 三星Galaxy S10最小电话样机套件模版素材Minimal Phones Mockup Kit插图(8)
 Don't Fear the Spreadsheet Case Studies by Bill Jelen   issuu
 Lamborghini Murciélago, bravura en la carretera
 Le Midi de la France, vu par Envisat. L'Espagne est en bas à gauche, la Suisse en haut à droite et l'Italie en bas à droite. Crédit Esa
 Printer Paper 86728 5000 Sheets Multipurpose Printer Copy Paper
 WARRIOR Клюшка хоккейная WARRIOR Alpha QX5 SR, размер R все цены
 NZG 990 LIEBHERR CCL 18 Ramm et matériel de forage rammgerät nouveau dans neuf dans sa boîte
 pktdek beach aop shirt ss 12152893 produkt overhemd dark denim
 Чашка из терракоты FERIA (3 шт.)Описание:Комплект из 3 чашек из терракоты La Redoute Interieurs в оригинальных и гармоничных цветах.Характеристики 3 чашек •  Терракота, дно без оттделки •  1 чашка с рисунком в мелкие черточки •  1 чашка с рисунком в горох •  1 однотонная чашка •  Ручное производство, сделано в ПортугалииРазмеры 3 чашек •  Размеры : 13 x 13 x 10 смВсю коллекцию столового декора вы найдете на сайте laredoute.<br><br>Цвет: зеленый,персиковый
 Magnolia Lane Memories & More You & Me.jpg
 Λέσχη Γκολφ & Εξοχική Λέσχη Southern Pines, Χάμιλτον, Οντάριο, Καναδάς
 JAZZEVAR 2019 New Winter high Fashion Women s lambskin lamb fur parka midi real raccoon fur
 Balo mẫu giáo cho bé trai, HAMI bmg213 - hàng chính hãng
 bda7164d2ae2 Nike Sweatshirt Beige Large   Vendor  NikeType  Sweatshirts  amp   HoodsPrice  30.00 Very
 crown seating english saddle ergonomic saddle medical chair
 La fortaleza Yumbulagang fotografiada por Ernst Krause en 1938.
━━━━━━━━━━━━━━━━
INSTRUCTIONS TO FOLLOW –
The answer must hold exactly the lines of the entries above, from the first line through the line that contains "Lamborghini Murciélago, bravura", and no others.

THE ANSWER –
 三星Galaxy S10最小电话样机套件模版素材Minimal Phones Mockup Kit插图(8)
 Don't Fear the Spreadsheet Case Studies by Bill Jelen   issuu
 Lamborghini Murciélago, bravura en la carretera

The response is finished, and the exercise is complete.